School of Biological Science and Medical Engineering, Beijing Key Laboratory for Biomaterials and Neural Regeneration, Beijing Advanced Innovation Center for Biomedical Engineering, Beihang University, Beijing, PR China.
Institute of Rehabilitation Engineering, China Rehabilitation Science Institute, Beijing, PR China.
Ann Med. 2022 Dec;54(1):1867-1883. doi: 10.1080/07853890.2022.2089728.

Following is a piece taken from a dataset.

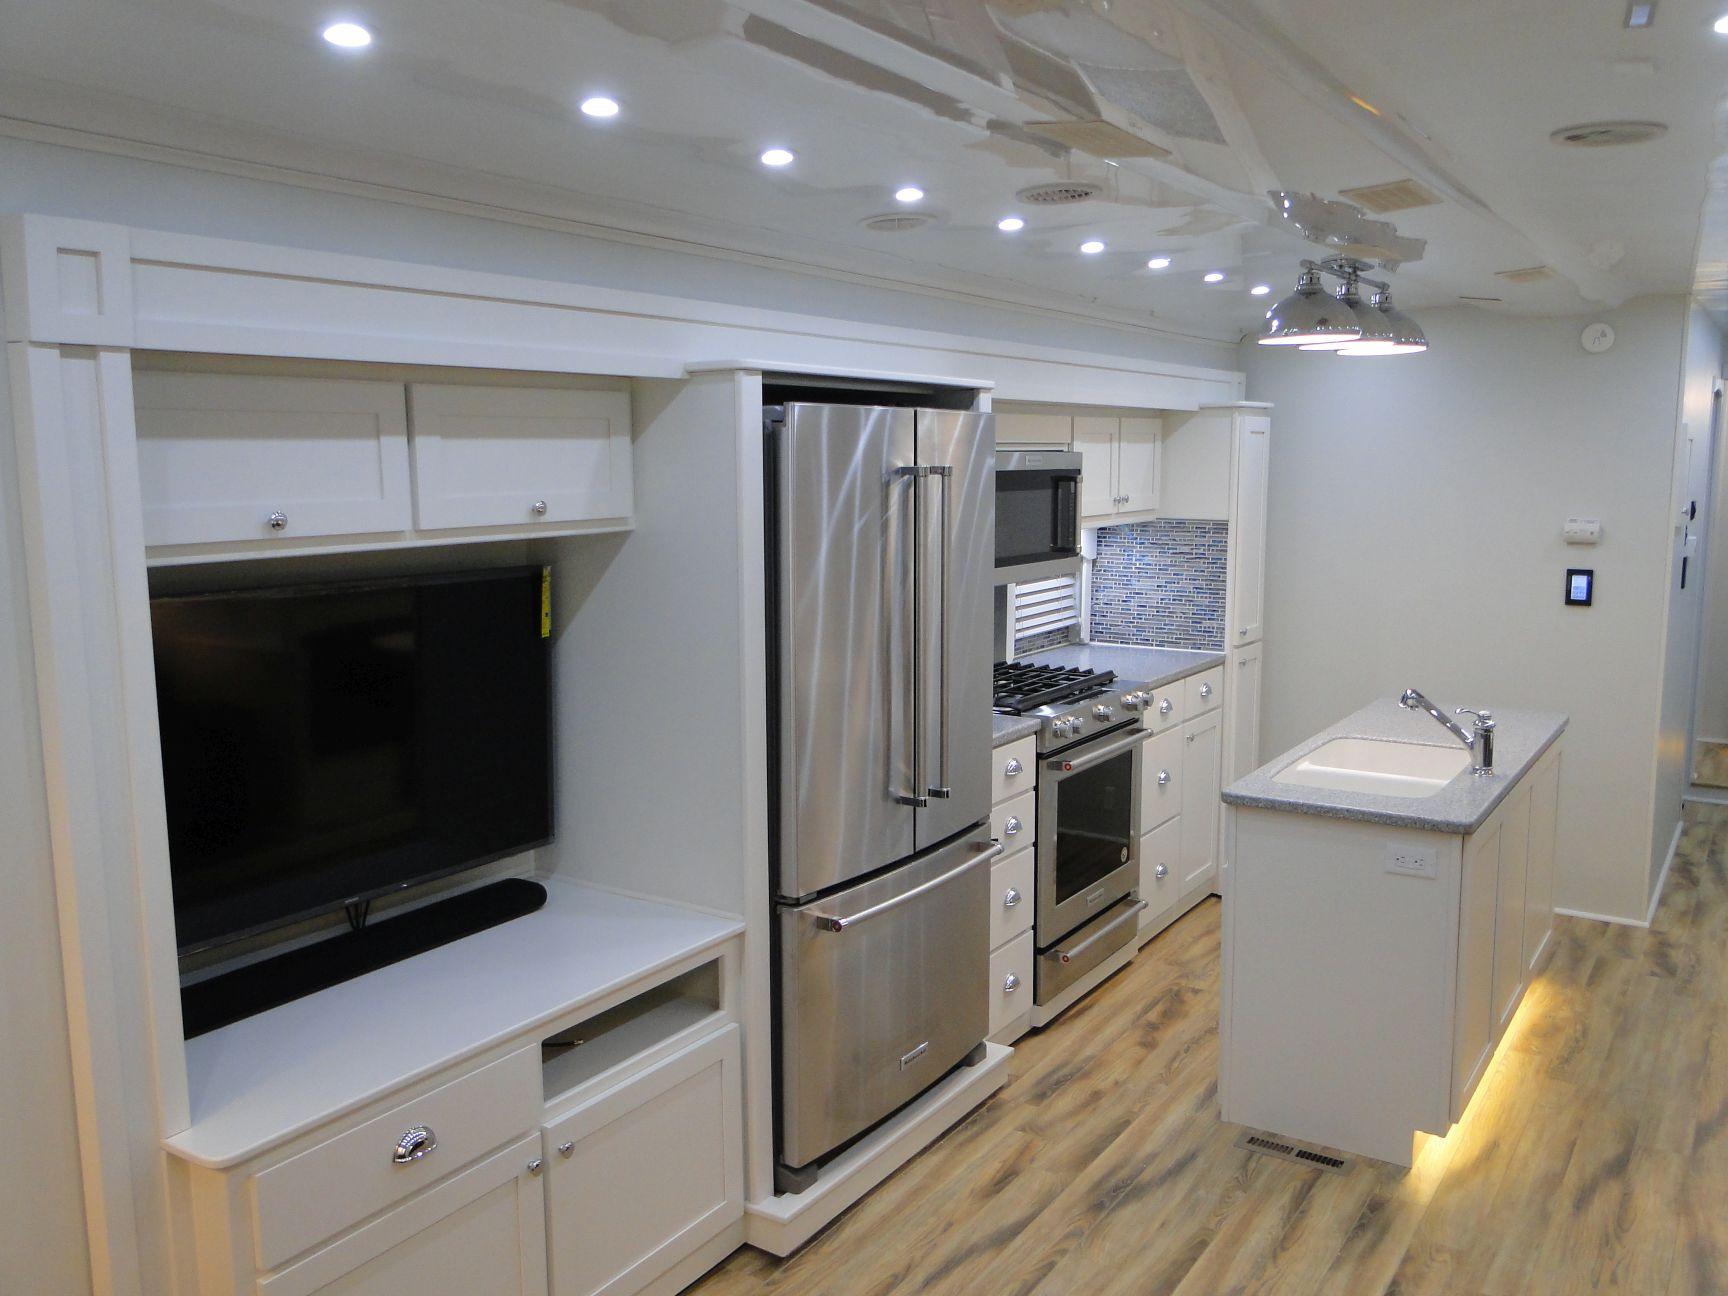 Entertainment Center/Residential Kitchen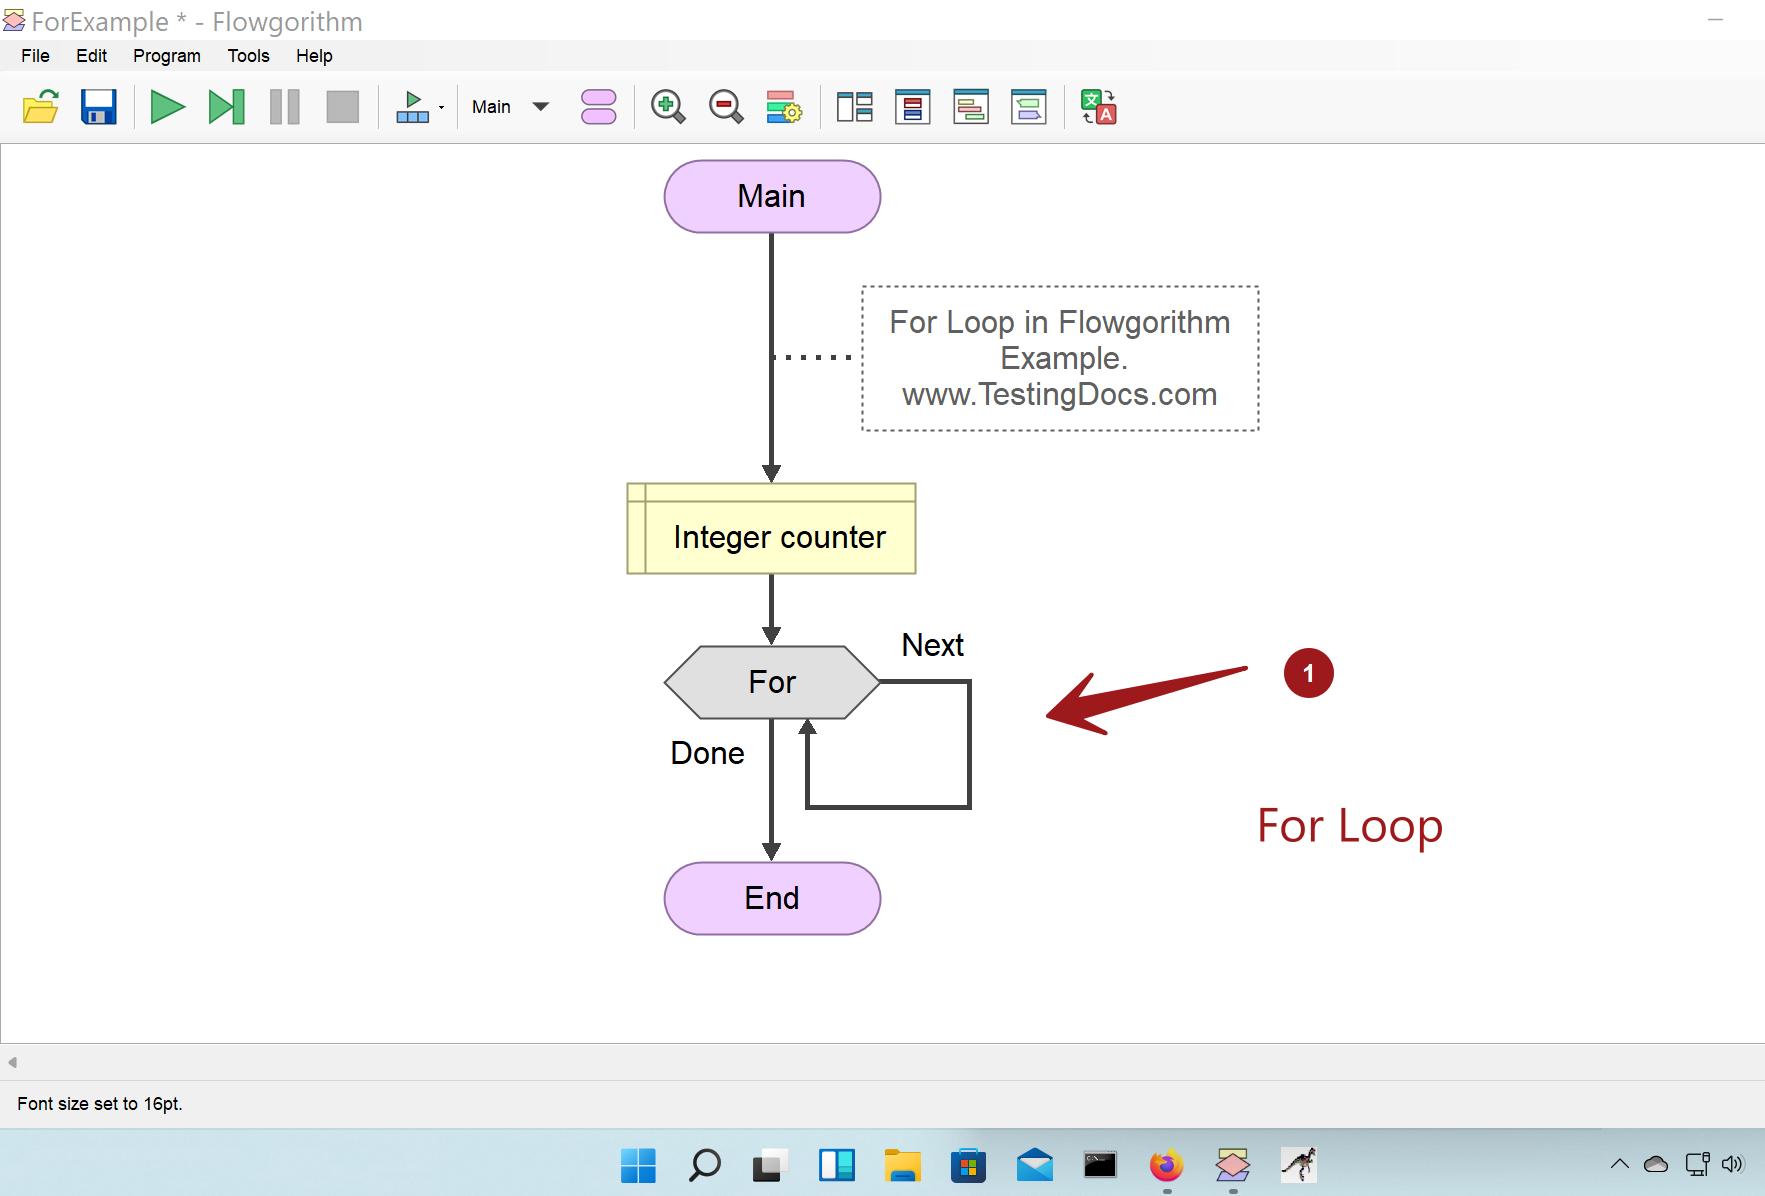 For Loop Flowgorithm

Spinal cord injury (SCI) destroys the sensorimotor pathway and induces brain plasticity. However, the effect of treatment-induced spinal cord tissue regeneration on brain functional reorganization remains unclear. This study was designed to investigate the large-scale functional interactions in the brains of adult female Rhesus monkeys with injured and regenerated thoracic spinal cord.
Resting-state functional magnetic resonance imaging (fMRI) combined with Granger Causality analysis (GCA) and motor behaviour analysis were used to assess the causal interaction between sensorimotor cortices, and calculate the relationship between causal interaction and hindlimb stepping in nine Rhesus monkeys undergoing lesion-induced spontaneous recovery (injured, = 4) and neurotrophin-3/chitosan transplantation-induced regeneration (NT3-chitosan, = 5) after SCI.
The results showed that the injured and NT3-chitosan-treated animals had distinct spatiotemporal features of brain functional reorganization. The spontaneous recovery followed the model of "early intra-hemispheric reorganization dominant, late inter-hemispheric reorganization dominant", whereas regenerative therapy animals showed the opposite trend. Although the variation degree of information flow intensity was consistent, the tendency and the relationship between local neuronal activity properties and coupling strength were different between the two groups. In addition, the injured and NT3-chitosan-treated animals had similar motor adjustments but various relationship modes between motor performance and information flow intensity.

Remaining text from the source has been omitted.